Just gonna skip over the back-after-a-long-time spiel. I am shameless now.
The last couple of months have been pretty whirlwind. First work, then some travel and then chicken pox. I am one of those freaks who never had CP as a child. Even when forced to live under the same roof as a sibling who had a full blown case of it a decade and a half back. And boy, has it had its way with me! Not going to relive the horror of it all, but damn, it was pretty scary and nasty and I’m just glad that I’m back to health. 99%. Most of the rest of that 1% is coping with the deafening sound of my crashing ego regarding the I-never-get-sick “thing” I have had. Just never mention it to me again, bro.
So I’ve been under house arrest for over half a month now. That’s meant a lot of TV viewing and Temple Run and other mindless stuff, and basically nothing productive. I also like to wallow in self-loathing and say things like “why me? why now? why this? why like this?” and demand extra care. All in all, I am the fussiest person you could ever have to care for – just short of that awful Sheldon Cooper making Penny sing him that ridiculous poem. Not proud but not embarrassed either, because I know that’s how it is and I can’t change it 😀 The only good thing that came out of this sickness, therefore, is the fact that my husband sort of gave up having to do all the fussing alone and sought my mom’s help and I got to spend 10 days with her after a very long time. On another note, I don’t think she is ever visiting me again when I am sick. Well, win some lose some, right? Right.
I have realized that some times we are put in situations coming out of which makes us feel grown up in a very short time. Thinking back, it always happens like this. One of the realizations of this growing up has been knowing that even though we pretend otherwise, we are not really in charge of our lives. In our script of our next few days or weeks or months, “this” is always going to be “such a bad time to be sick”, but what’re you gonna do because it’s not up to you. You’re always going to be dying to get back to whatever it is you think you ought to be doing, but viruses don’t play by rule-books. In a funny, heavily medicated and poxy state, all this seemed rather humbling. We make it look like going with the flow is a choice we make, when it’s the only way everything is actually happening.

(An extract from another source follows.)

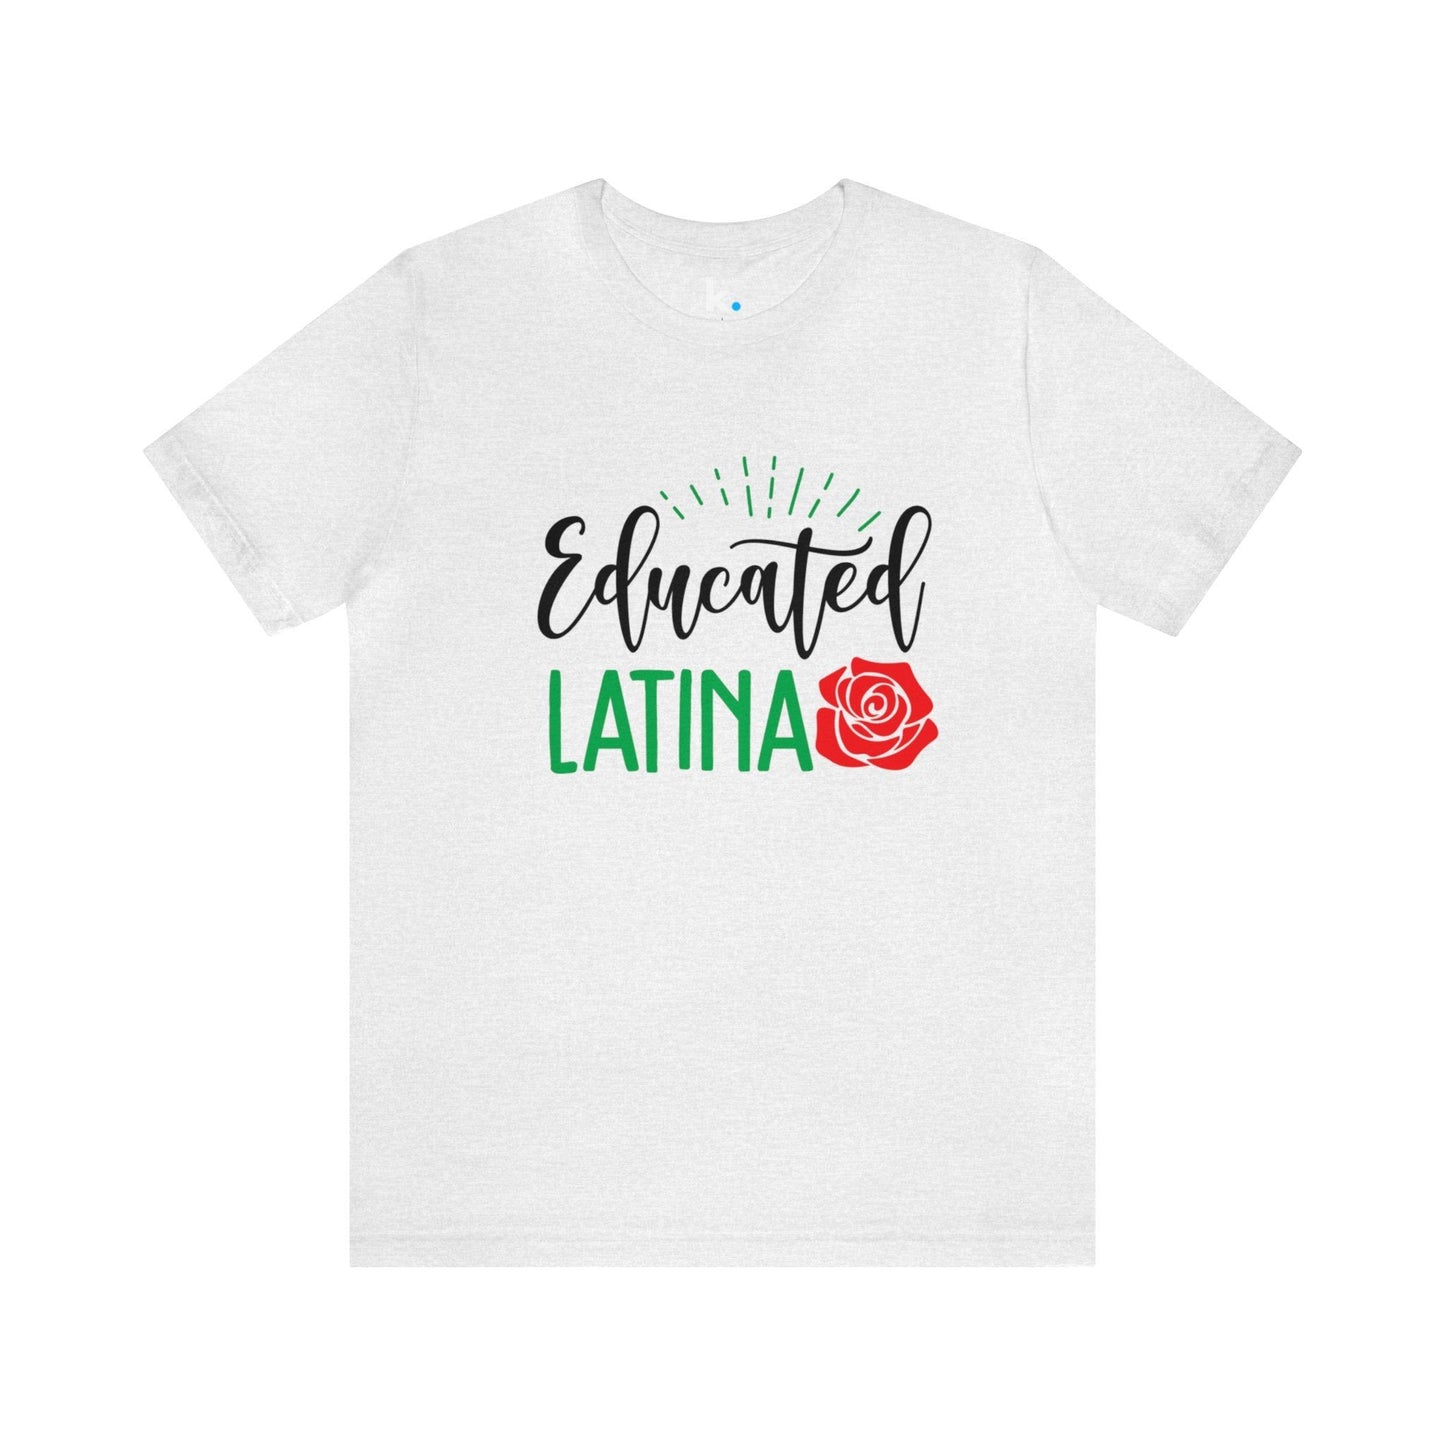 T-shirt - Educated Latina

Some of the telling signs of having grown up is that I missed only all the boring things in the last few days. Y’know – work, workouts and shopping. Work because I was feeling really good about it just when I fell ill, and I do think that I am going to take some time getting back in the groove. Workouts because I am terribly disappointed about how much this will have set me back in the gym. I am really really slow at any progress with my cardio, and I just know that it’s not going to be easy even getting where I already was. Shopping because I am out of so many things that I need and because I have missed out on some of the good sales and well, because I had my eye on so many things that are likely gone by now 😦
There’s another thing I wanted to write about, today. In all this staying home and not being able to do much, I have subjected myself to an inordinate amount of social networking in the last few days. No, not excessive tweeting or blogging or facebooking, but just observing trends and discussions and virtual personalities. Let me just say that without the commensurate amount of alcohol in your system, it is not a very healthy exercise. It could be my disillusionment with the world at large, but I’m starting to feel that the online world is a bit of a two-dimensional matrix. The black-and-white opinions, the hyperbole, the lack of decency and space for debate, the presumed ownership of platforms, crass jokes making people short-term celebs and many other things have made it tiresome. I feel no inclination to engage in conversations beyond emails these days. I do not mean to seem holier than thou when I say this, because I’m sure someone could be finding me equally tiresome on the internet. But I do believe that the time has come for me to step back from it. I just need to decide between all these various media and stick with one that allows me to air my anyway-infrequent thoughts. Will decide on that soon.
In other news, it’s less than a month to my 29th birthday. Or, as I am starting to look at it, less than 13 months to my 30th 😀 I’m strangely looking forward to it. Yay!